= Mirel Cană =

Romanian novelist (1957–2020)

Mirel Cană (1957-2020) was a Romanian novelist, who wrote under the name Șerban Alexandru.

==Life==
Mirel Cană studied philology at Iași University, and taught Romanian literature from 1982 to 1990. He was an editor at Editura Junimea in Iași from 1990 to 1992, and then a curator at the National Museum of Romanian Literature in Iași. In the decades following the Romanian Revolution, he also ran writers’ workshops in Iași.

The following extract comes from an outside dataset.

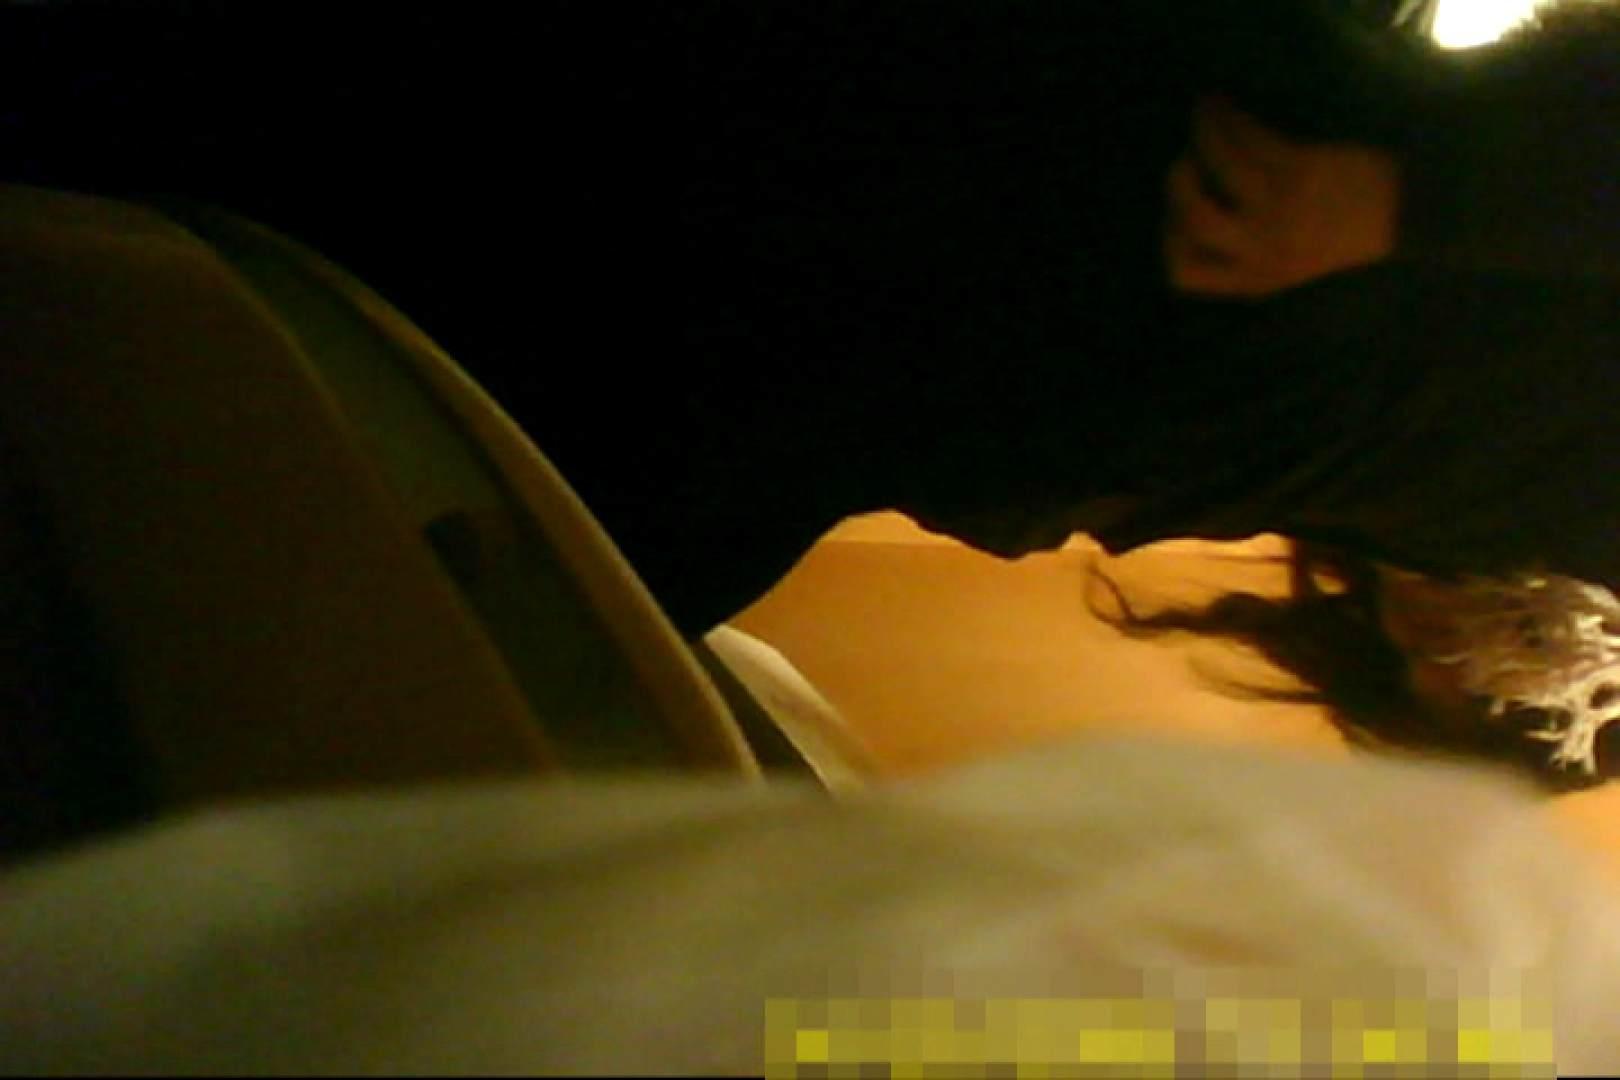 魅惑の化粧室~禁断のプライベート空間~vol.10 美しいOLの裸体 | プライベート  102pic 7

His novels Mallarmé, Albedo and An Angel, a Dog, an Image form the first three volumes of a tetralogy, Benedict and Maledict. The fragmented, 'kaleidoscopic' style of An Angel, a Dog, an Image has been compared to the work of Camilo José Cela.

==Works==
- (as Șerban Alexandru) Zgomotul de fond: roman [Background Noise: a novel]. Iaşi: Junimea, 1992.
- (as Șerban Alexandru) Mallarmé. 1995. Forthcoming in English translation by Alistair Ian Blyth as Mallarmé, Dalkey Archive Press, 2021. ISBN 9781628973440
- Albedo. 1995.
- (as Șerban Alexandru) Omul e mort: noua poema română [Man Is Dead: a new Romanian poem]. Iaşi: Junimea, 2001.
- (as Mirel Cană) Diagnostic [Diagnosis]. Bucharest: Humanitas, 2010. With a foreword by Ioanel C. Sinescu.
- Un înger, un cîine, o imagine: roman [An Angel, a Dog, an Image: a novel]. Iași: Polirom, 2015.